Zayan grew up in Walthamstow, east London. A girl in the year above him at his secondary school was the first to find a place at an independent school through the charity Royal National Children’s Springboard Foundation. Zayan was one of five picked from the following year’s cohort to go to different schools. Zayan came to Freemen’s.

“Coming here I thought everyone would be upper class, but they weren’t snobbish or rude. Everyone was genuinely very nice to me. Everyone was my friend,” says Zayan.

He was surprised on his first visit by the wild deer running across the park and how peaceful Ashtead was compared to London.

“I remember the first thing that I noticed that was a bit odd was after the first form time, everyone was saying thank you to the teacher. I found it a bit weird, I thought they were being sarcastic, but it is quite nice,” he smiles. Zayan felt welcomed by the whole Freemen’scommunity when he arrived, which made it easy for him to settle in, with teachers offering help and extra resources if he needed them.

One of the biggest changes for him came on the sports field. “I never played rugby before I came here and they taught me how to play. All the boys were giving me tips on how to play and I’m still friends with all of them now. Some boys from Freemen’s are in London and I meet up with them every two to three weeks. I think [they are] friends I will keep for life.”

He was also able to build on his previous passions, while he was at the school. “I started [boxing] in nursery or reception, but I never took it seriously, it was more of a fun thing.

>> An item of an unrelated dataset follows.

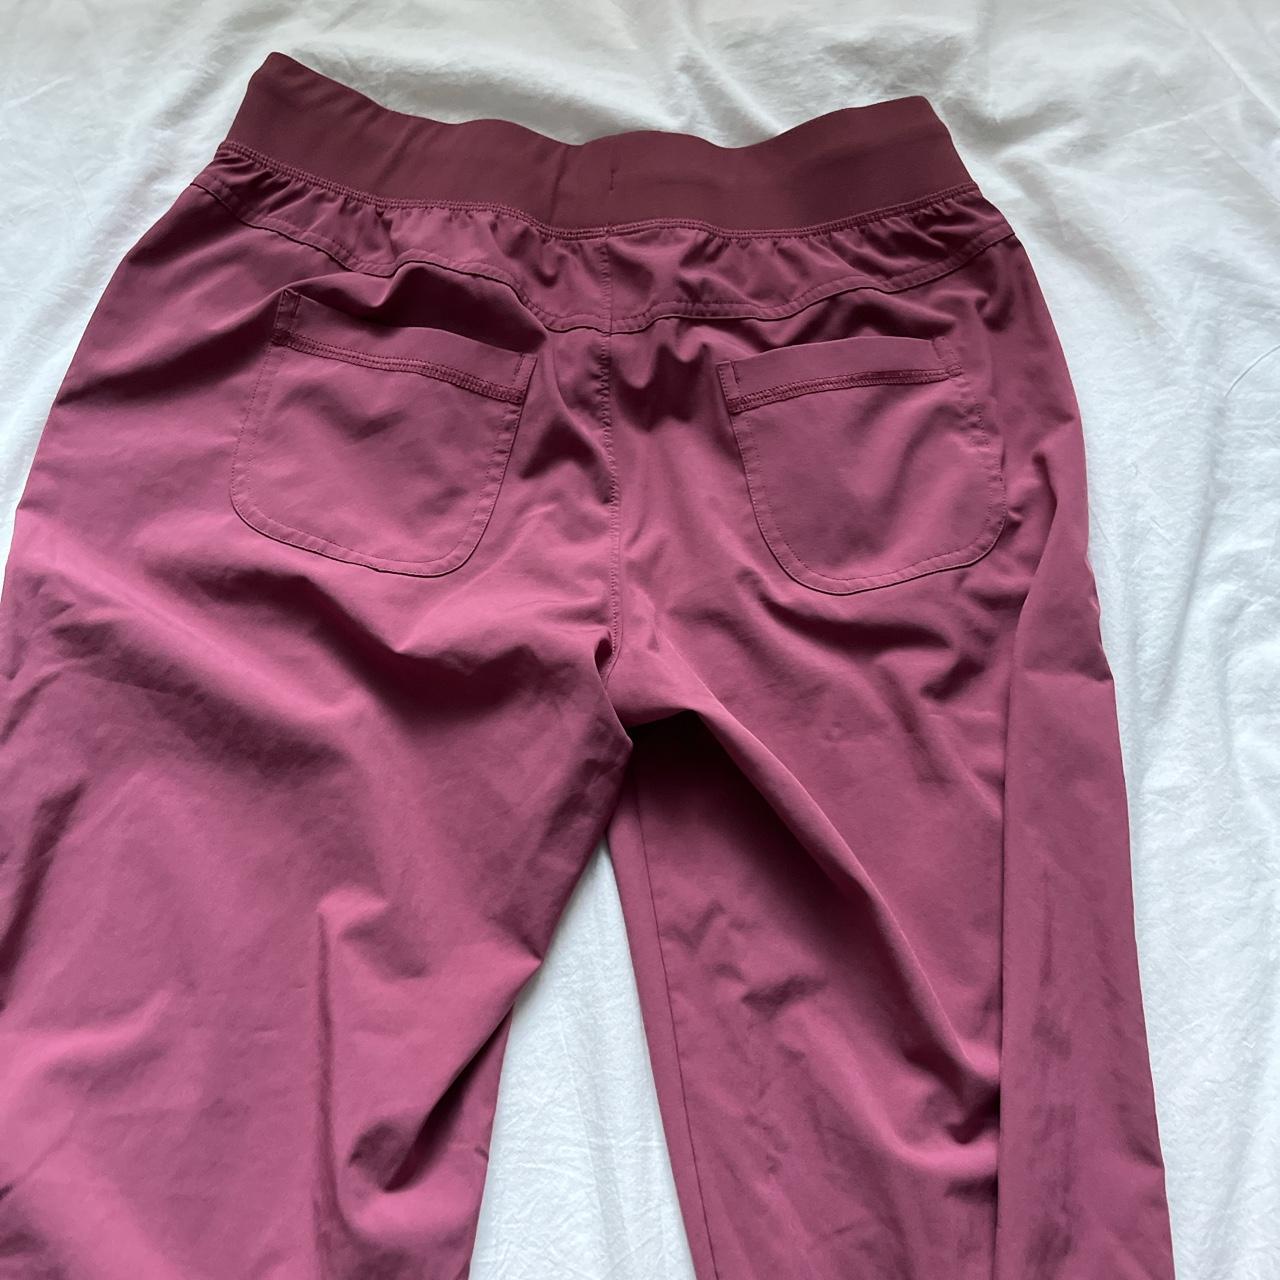 crz yoga women's maroon joggers workout pants - Depop

When I came to Freemen’s, I started taking it seriously and got my licence. I trained in the gym at Freemen’s for my first bout. They are good facilities; a heavy punchbag which is what you need and enough space to skip and shadow box, weights as well for strength conditioning.”

He won his most recent bout and many of his Freemen’s friends were there to see his triumph. Zayan feels Freemen’s was good preparation for university.   “I was going to do economics and as I was going over the syllabus again, I thought is this something that I will really enjoy? I looked at other courses and looked at maths and thought I will probably enjoy this a bit more. My maths teachers made it sound like a fun thing to do and they really enjoyed the subject themselves.”  

He is studying maths at Queen Mary University and hopes to go into something data science related or to pursue a masters in the same field. He is still friends with many of the other students who came to Freemen’s on bursaries and they meet up regularly.

He offers the following advice to anyone joining Freemen’s in the future: “I’d definitely say it is what you make it. If you mope about, sit in your room and don’t get involved in anything, you’re going to hate it. Get involved, join clubs and get involved with people in the year group. Remember keep an open mind. It will be very different to how your secondary was but put yourself out there and you will have a lot of fun."